Documentário
de
Bruno
Bacellar,
Luís
Fernando
Couto
e
Regina
Rocha.
73
minutos
Antônio
Candeia
Filho
e a
criação
da
GRANES
Quilombo
Um
história
de
luta,
resistência
e um
profundo
amor
pela
arte!
17 DE AGOSTO, ANIVERSÁRIO DE CANDEIA
Sobre o filme
A primeira reação que se tem ao assistir o filme é de surpresa. De como é inacreditável uma história tão forte, bonita e importante ser praticamente desconhecida por todos. E quantas histórias tão belas e essenciais ainda não conhecemos neste país? A comunicação comercial não consegue, ou melhor, não quer dar conta de toda produção cultural popular existente e passada. Com tantos orçamentos milionários, por que não há um real programa de incentivo a pequena produção cinematográfica? O cineasta Domingos de Oliveira já chamou atenção para o fato através do seu manifesto BOAA.
A sensação que fica ao sairmos do cinema é que temos ali um filme heróico.
Quanto terá sido o orçamento de “O Mistério do Samba”, o filmaço da Velha Guarda da Portela, ou o de “Cartola” recentemente exibido. Nada menos de 1 milhão cada um, com certeza.
O que dizer quando um jovem sociólogo, sem nenhuma experiência anterior na cinematografia, mete a mão em seu próprio bolso, reúne seus parceiros Luís Fernando Couto e Regina Rocha, ele artista plástico, ela jornalista, e gasta exatos sete mil reais para realizar o filme?
Se as comparações são inevitáveis, vale dizer que diante daqueles outros a fita de Bruno Bacellar está longe de “desaparecer”. Se for certo que não se viu qualidades mínimas de som e que se viu imagens imprecisas, o filme mostra o imenso vigor físico e pessoal de Candeia e da escola de samba que criou.
As novas gerações que ali estiveram, e que tanto ouvem falar do ‘mestre’, tiveram a oportunidade de enriquecer seus referenciais com um personagem singularíssimo na história da Portela e do samba.
Esta é a grande mensagem do filme... maior que a imagem de Candeia e as imagens da Quilombo. A mensagem da lição que Candeia deixou, transmitiu aos próprios realizadores e a equipe, se é que houve alguma equipe. E deixa para todos os outros Brunos, Luizes e Reginas a mostra do quanto há para ser pesquisado... mostrado; o quanto da história da cultura do povo brasileiro está escondido por aí.
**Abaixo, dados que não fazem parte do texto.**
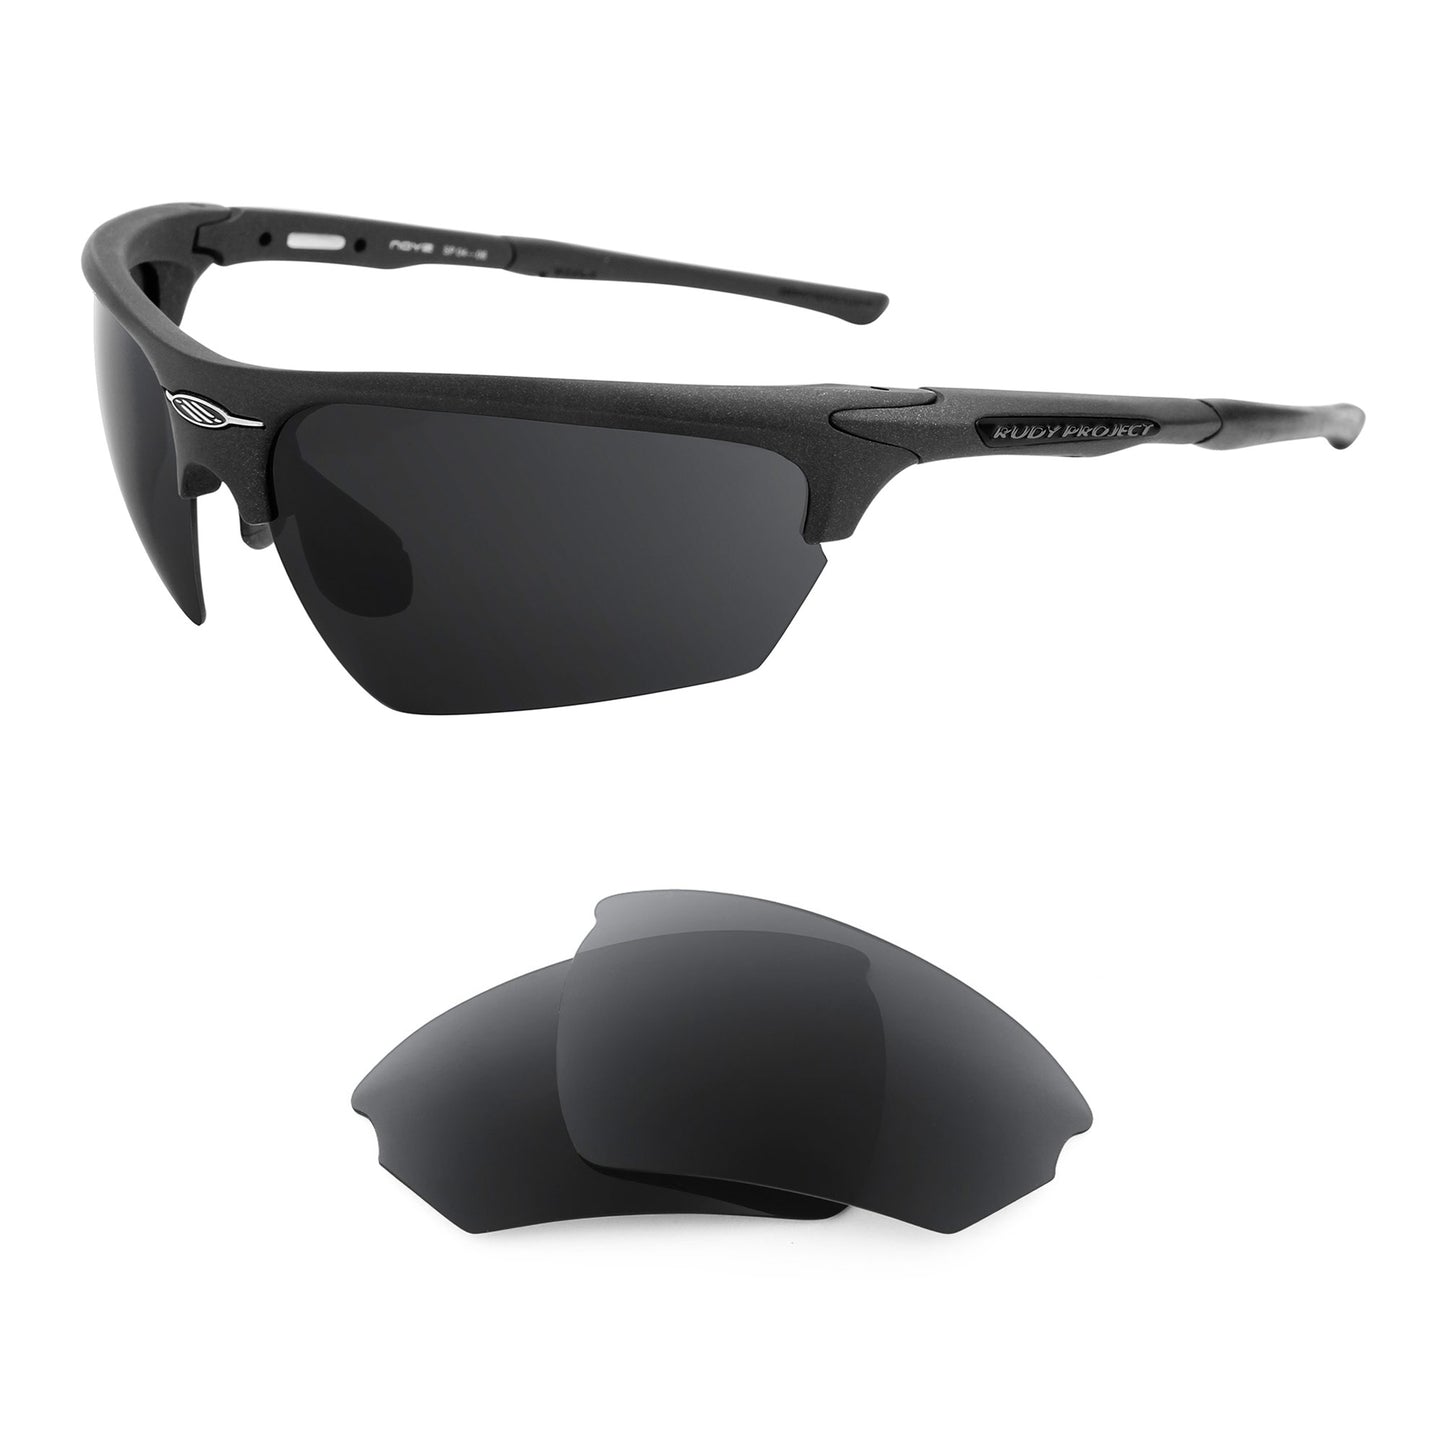 Rudy Project Noyz sunglasses with replacement lenses

Sabe-se que as leis de incentivo à cultura financiaram uma verdadeira fortuna só para a realização de festivais para mostrar filmes. Cerca de cem festivais se realizam anualmente, algo parecido como uma orgia de recursos desperdiçados, no mínimo um desequilíbrio de prioridades.
E esta é a lição dos realizadores. Sem chororô, com uma câmera na mão e o Candeia na cabeça, nutriram-se da inesgotável energia do mestre e puseram na tela um resultado final repleto de imperfeições técnicas mas repleto ainda de amor e dedicação ao samba. Não duvido que, dos três, pelo menos um seja portelense.
Para os que estavam com uma pontinha de ciúmes dos Cariocas porque o documentário Eu Sou o Povo, que fala sobre o Quilombo e Candeia, só estava sendo exibido no Rio, agora chegou a nossa vez!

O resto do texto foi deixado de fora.